I Sonata Arctica non sono novellini, sanno suonare e lo sanno fare molto bene, e subito dopo un brano che strizza l’occhio a soluzioni più datate vedono corretto inserire una coppia che rappresenta maggiormente la direzione attuale della band; Whirlwind è un bel brano rock di classe, inutile negarlo, seguito dalla ottima Cold, song dalle solide basi che affondano su un terreno tipicamente AOR, melodrammatica con un Toni Kakko che ormai risulta irriconoscibile e assomiglia maggiormente a un Jon Bon Jovi poco ispirato, svogliato e col raffreddore.
L’involuzione del simpatico singer della band ormai è una costante disco dopo disco ma mai come in questa volta si era sentito così giù di tono, sfruttando esclusivamente le tonalità medio basse, al limite del parlato, cercando di dare solo un minimo di enfasi alle strofe lasciando al cantato nasale prendere il sopravvento.
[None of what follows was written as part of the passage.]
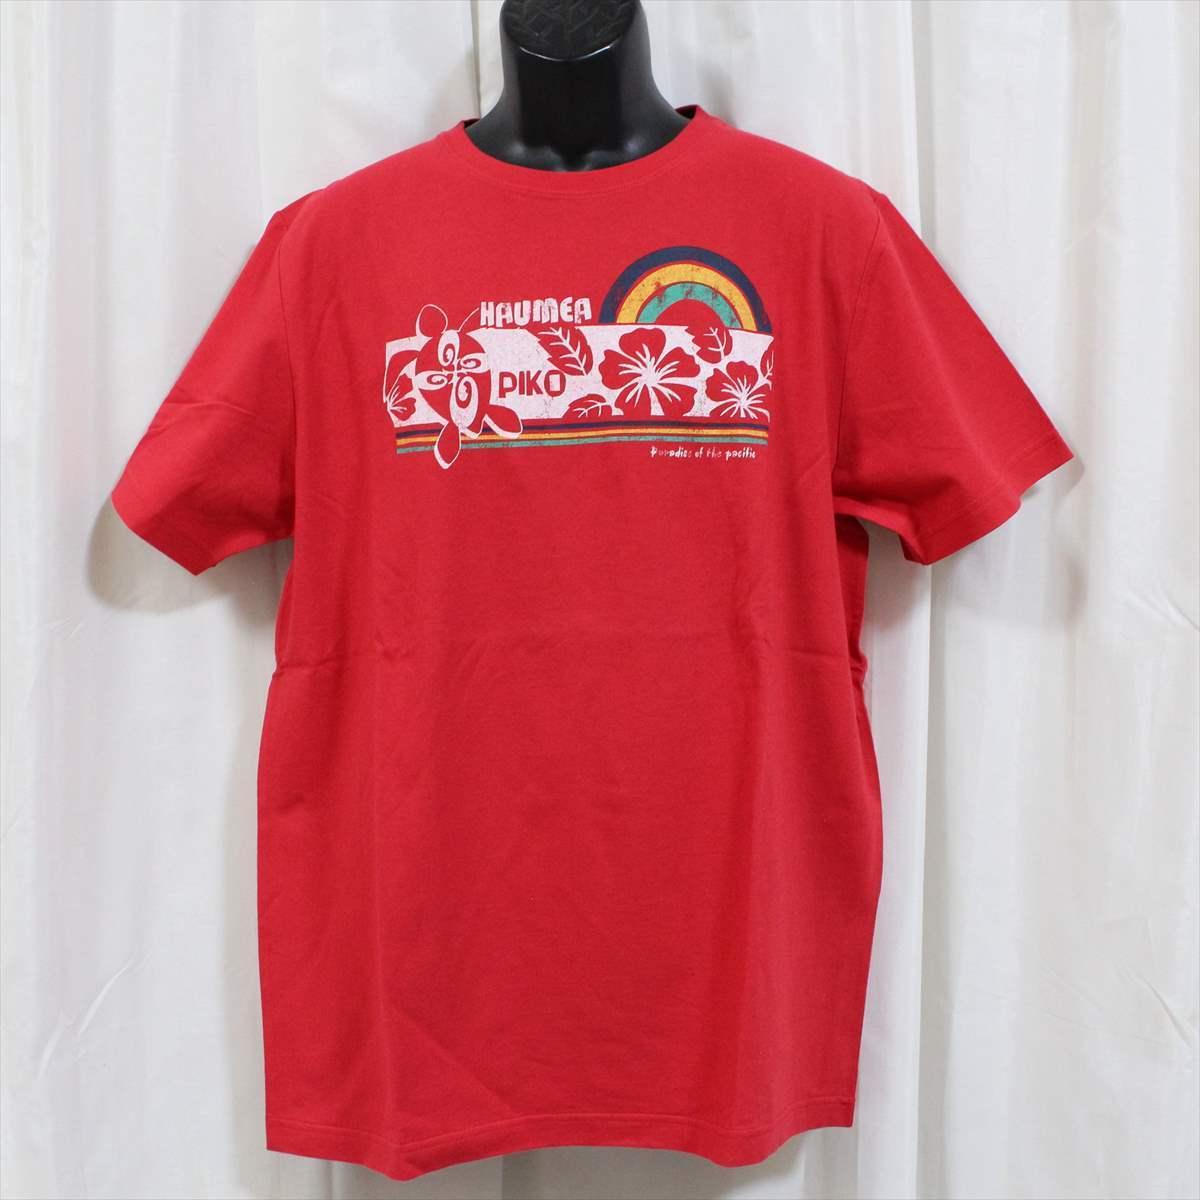 ピコ PIKO メンズ半袖Tシャツ レッド XLサイズ 新品 HAWAIIAN LONGBOARD WEAR 赤_画像1

Storm of Armada si sposta verso lidi progressivi così come The Raven Still Flies with You senza mai centrare il bersaglio e figurando maggiormente come brani caotici senza un nesso logico, dove spesso ci si perde nell’ascolto e la noia ci fa spingere il tasto skip il più in fretta possibile per evitare che la pochezza delle strofe o dei ritornelli aumenti ulteriormente l’ansia nel proseguire l’ascolto.
C’è da dire che Talviyö ciò nonostante può vantarsi di annoverare nella sua cospicua track list pure due tra i più brutti brani mai scritti dalla band che prendono il nome di The Last of the Lambs e la conclusiva The Garden: di una noia e piattezza disarmante che ci si domanda il perché metterli in scaletta in quanto non possono essere classificati neppure come ballate, considerando il loro aplomb nei tempi lenti e rarefatti, ma rappresentano una lunga nenia deprimente che stanca l’ascolto prima dei trenta secondi netti.
Emblematico come uno dei migliori pezzi del lotto sia la bonus track You Want Fall; chiariamo subito che si tratta di una banalissima song di metal melodico che finirebbe ormai tra le B side di una qualsiasi band un minimo navigata in campo power, ma in alcuni frangenti, grazie alle sue linee melodiche ariose e al contempo intrise di malinconia, ricorda un qualsiasi brano meno riuscito scritto entro la prima metà degli anni 2000, soprattutto nella variabile lirica di metà canzone che si fa piacevolmente apprezzare.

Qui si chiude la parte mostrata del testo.